# [SOURCE INFORMATION]
──────

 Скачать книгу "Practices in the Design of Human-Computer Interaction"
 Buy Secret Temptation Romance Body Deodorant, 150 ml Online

──────

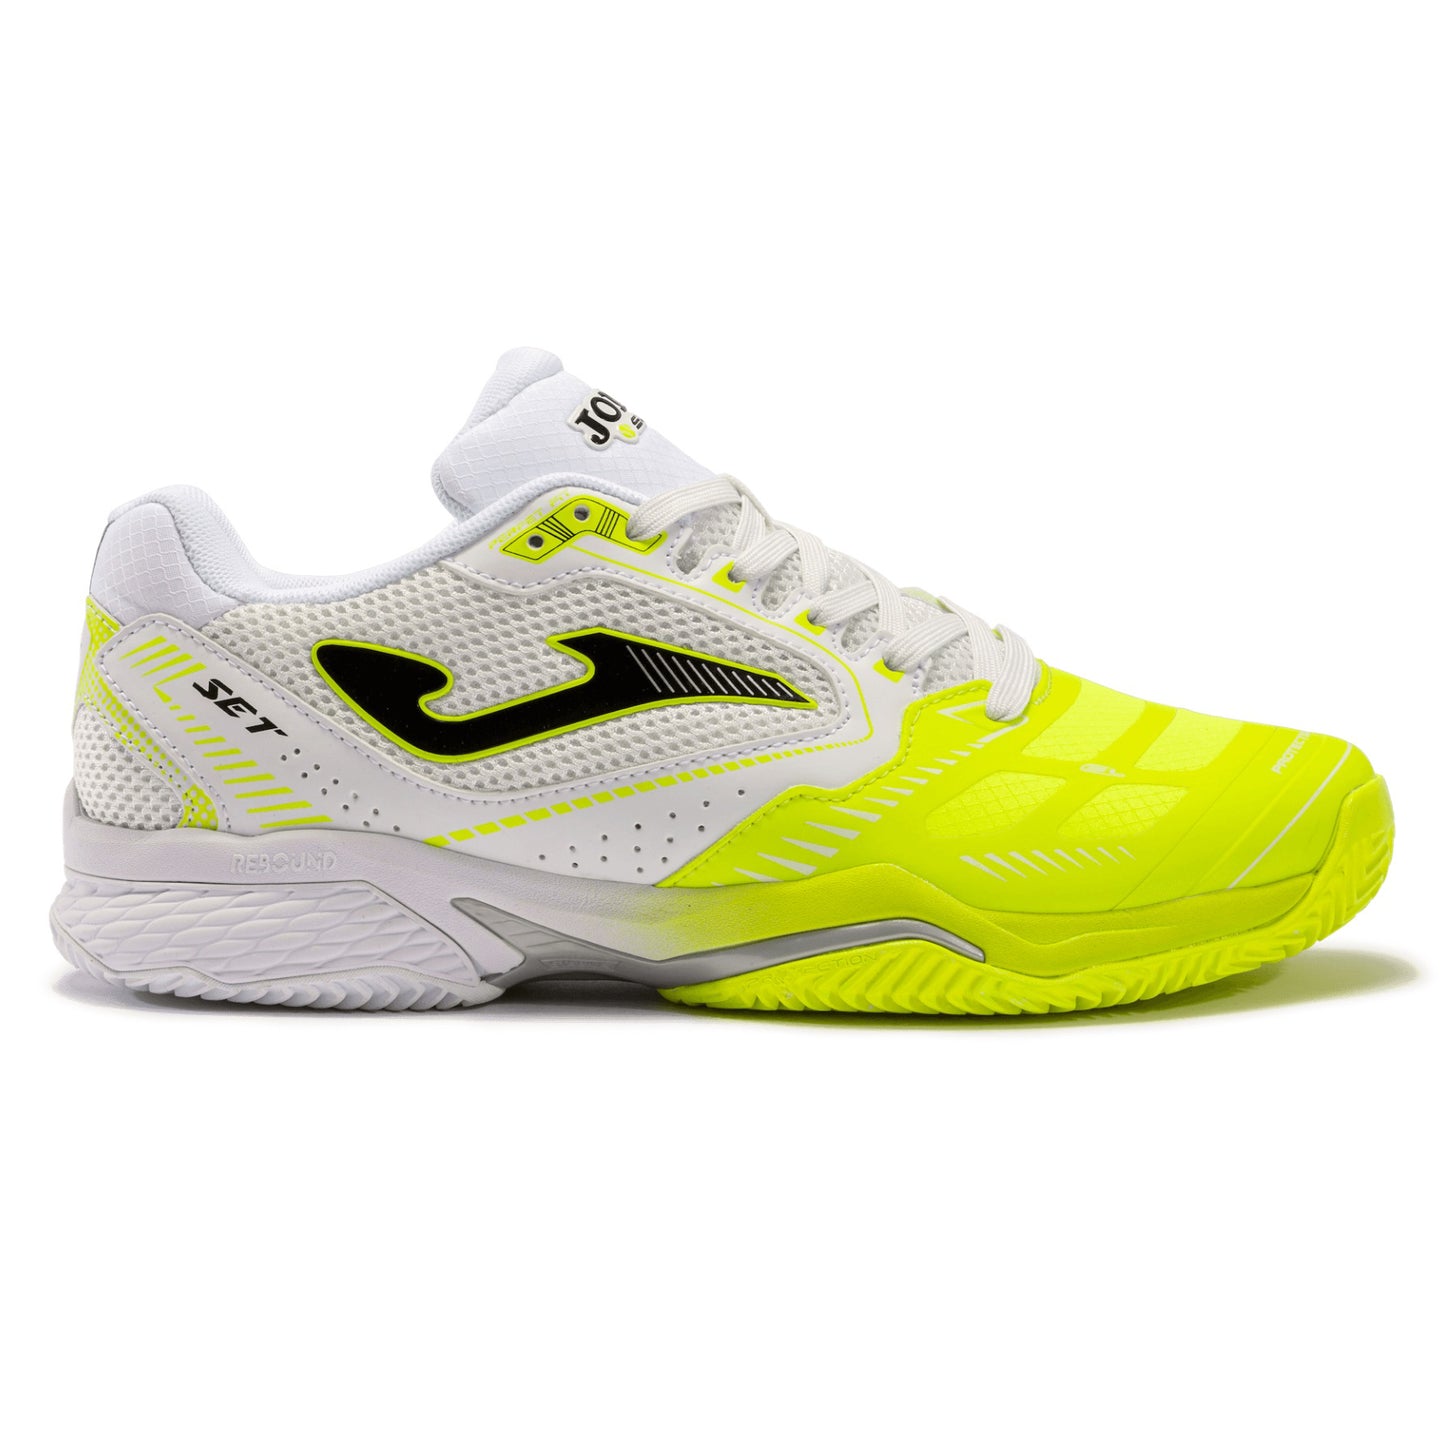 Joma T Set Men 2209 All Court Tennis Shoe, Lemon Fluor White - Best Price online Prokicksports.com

──────

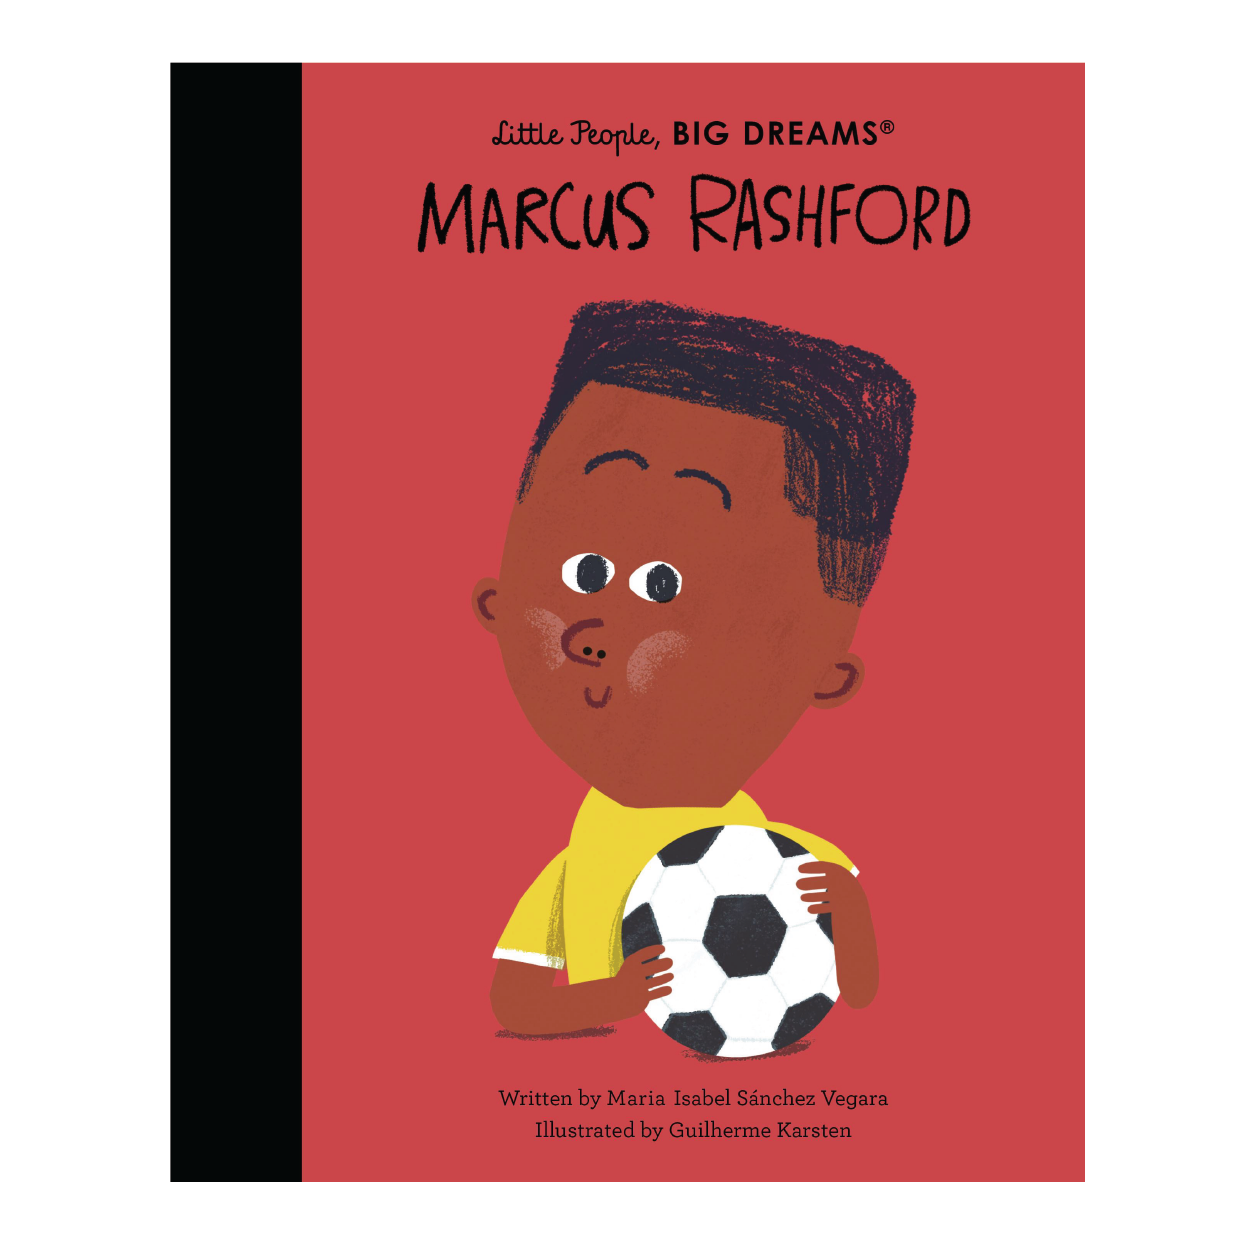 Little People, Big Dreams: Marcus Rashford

──────

From the listing above, output exactly the run of lines that starts with the line containing "in the Design" and ends with the line containing "Buy Secret Temptation".

# [RESULT OF THIS EXERCISE]
 Скачать книгу "Practices in the Design of Human-Computer Interaction"
 Buy Secret Temptation Romance Body Deodorant, 150 ml Online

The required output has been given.